未来温室气体减排对中国的发展提出了严峻挑战,我们正面临越来越大的国际压力。目前,我国大部分污染排放总量居高不下,除CO2位居世界第二外,其它各类温室气体的排放均位列首位,且占全球排放量的份额较大。这种状况一方面给我国生态、环境带来严重影响,同时也面临着履约国际公约的巨大压力。我们初步研究认为,我国未来CO2排放量还将上升,并有可能在2025年前后总量超过美国,在2030年前后人均超过全球平均排放量。如果按照目前的高速经济增长,我国还有可能提前成为CO2的世界第一排放大国。面对日益强烈的要求发展中国家承诺减排义务的呼声,中国将面临越来越大的来自各方面的压力,并最终影响到政治、经济等方面。

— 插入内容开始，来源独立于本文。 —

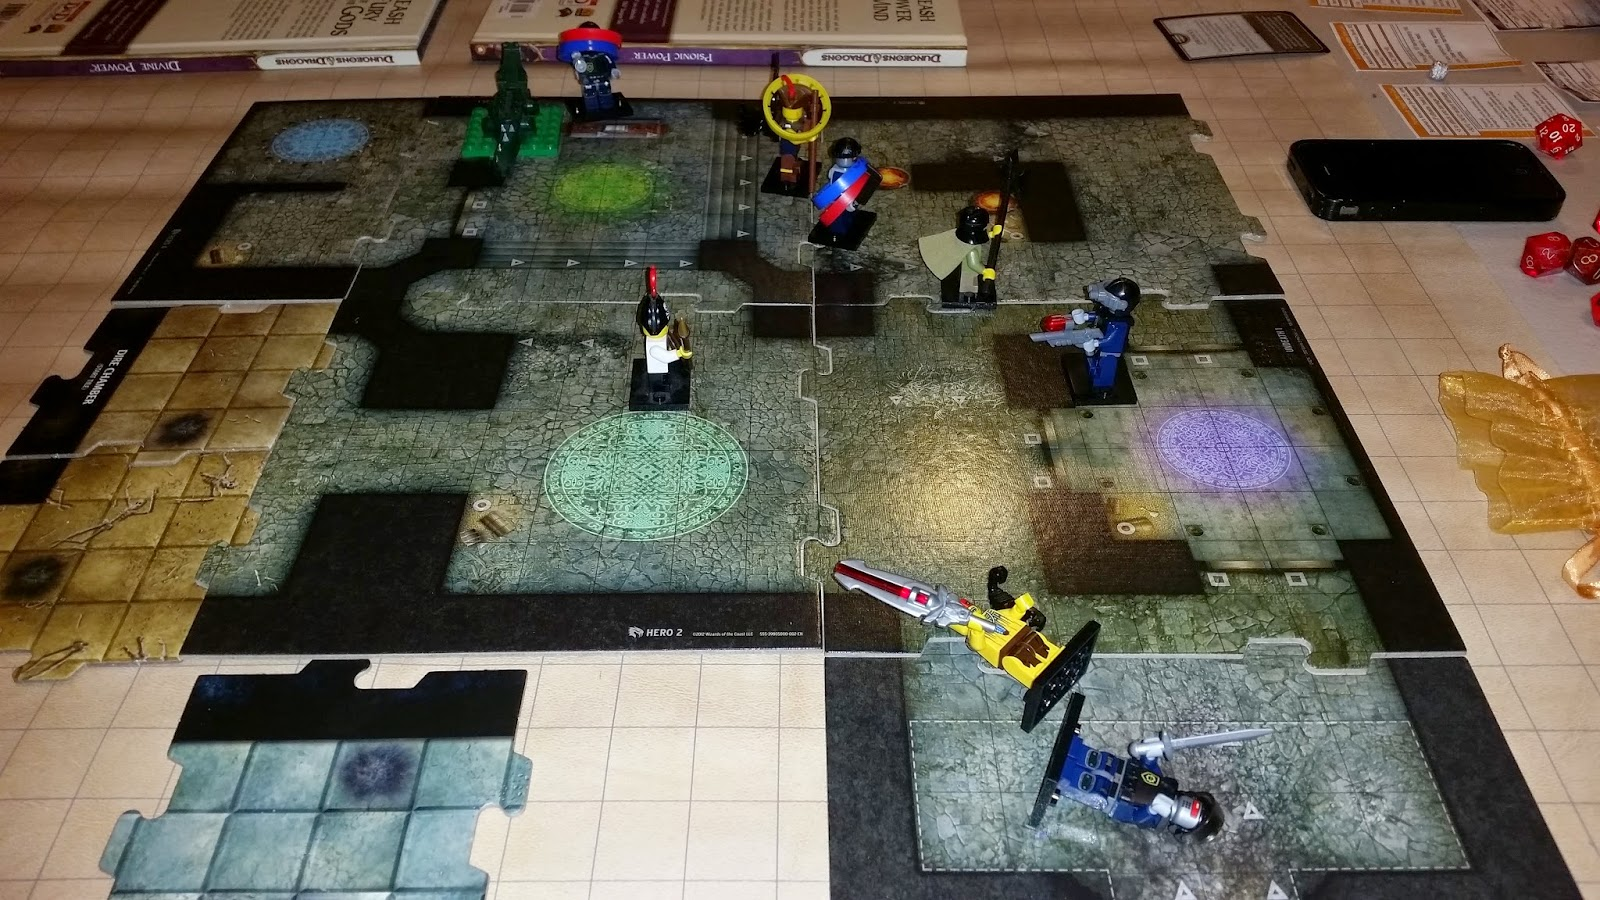 Warforged + LEGO = LEGO Movie Robo SWAT team!

伴随着《议定书》的生效和执行,第一个承诺期之后的新一轮气候公约谈判将在2005年年底启动。谈判的中心议题将包括建立公平、持久、有效的制度框架、长期减排目标和减排义务指标,说服中国、印度、巴西等发展中国家参与减排,促使美国、澳大利亚等发达国家回到控制气候变化的进程中来等。气候谈判必须达成一致的全球气候保护机制,使得各国在统一的框架下采取相互协调的共同行动来遏制全球变暖的趋势。可以预见,后京都时代的气候公约谈判将是一个更加广泛、充满挑战和艰苦漫长的过程。

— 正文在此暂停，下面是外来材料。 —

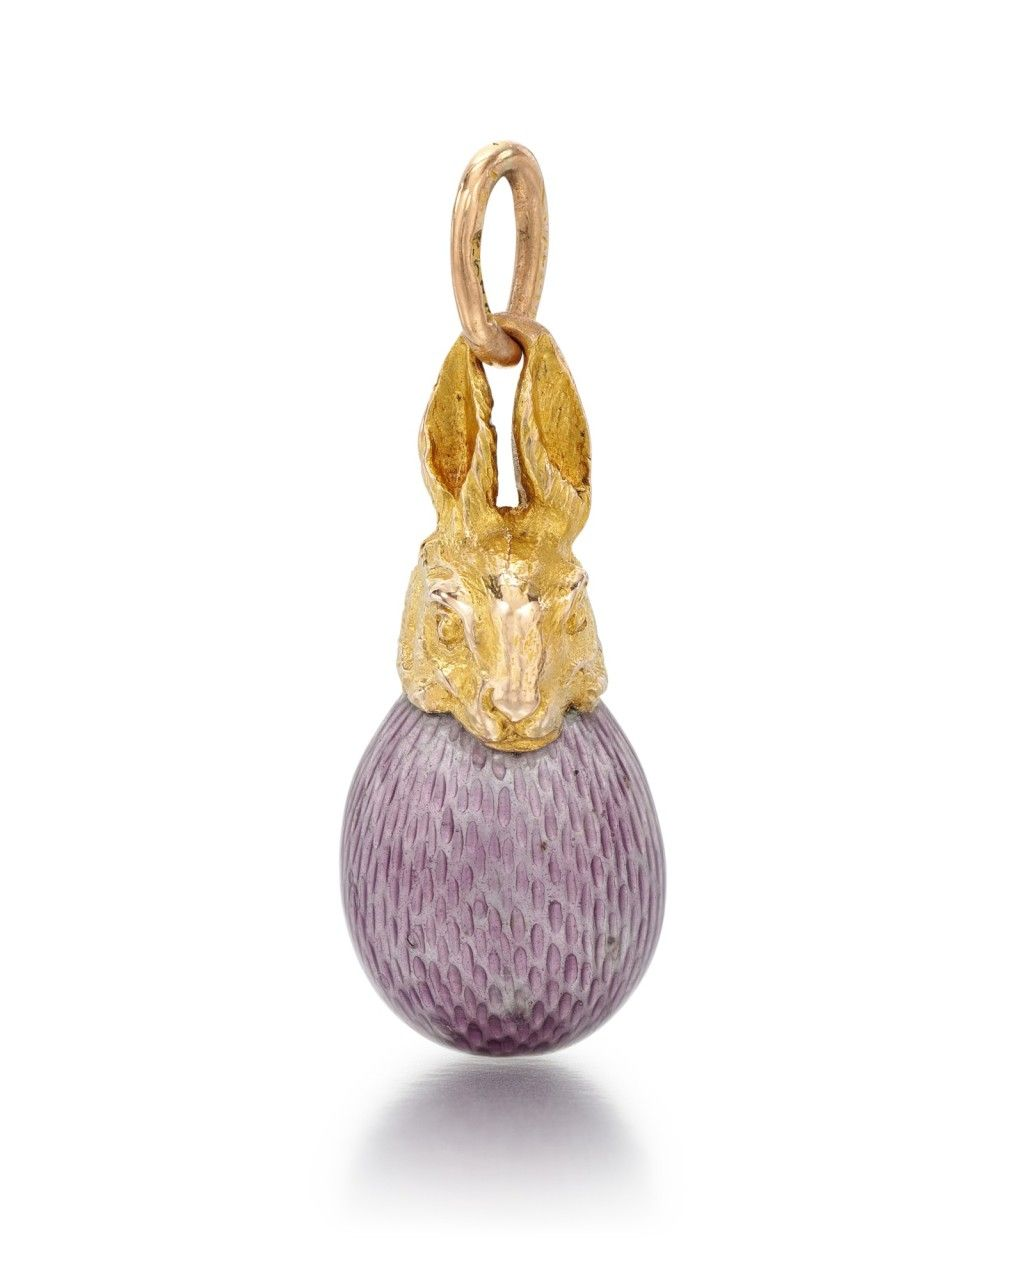 Russian Handmade Egg Pendant  Decorative Enamel Pendant

面对新的谈判形势,世界的各利益集团正不断分化、组合,扮演的角色也在发生变化。最近,美国、中国、日本、韩国、印度和澳大利亚等六国达成了《亚太清洁发展和气候新伙伴计划意向宣言》,反映出各个国家在后京都时代的谈判中基于各自国家利益的合作新动向。
面对后京都时代的形势,采取何种策略及相关行动参与气候谈判是我们面临的重大课题。在过去的谈判中,我国坚持了“共同但有区别的责任”,坚持发展中国家不承担减排义务的立场,并且在可持续发展框架下应对气候变化,为我国经济的发展赢得了宝贵的发展空间。但是,在后京都时代减排压力不断增加的情况下,我们有必要调整对策,采取更加灵活和务实的态度,审时度势,制定后京都时代的全球气候谈判战略,提出明确的谈判立场,充分利用各利益集团的相互关系,在维护国家利益的基础上考虑未来的谈判联盟与合作伙伴,在承诺的指标和形式上做出新的选择,抓住机遇,争取主动,迎接挑战,获取双赢。另一方面,我国的高能源消耗,不仅对我国能源的持续供应提出了严峻的挑战,而且对环境造成了极大的破坏。通过谈判,获取国际先进技术,提高我国能源利用率,在减少温室气体排放的同时,改善我国环境质量,达到以最少的控制温室气体排放成本获得最大的经济和环境效益,既为减缓气候变暖承担应尽的义务,又为我国的经济社会发展争取更大的发展空间的目的。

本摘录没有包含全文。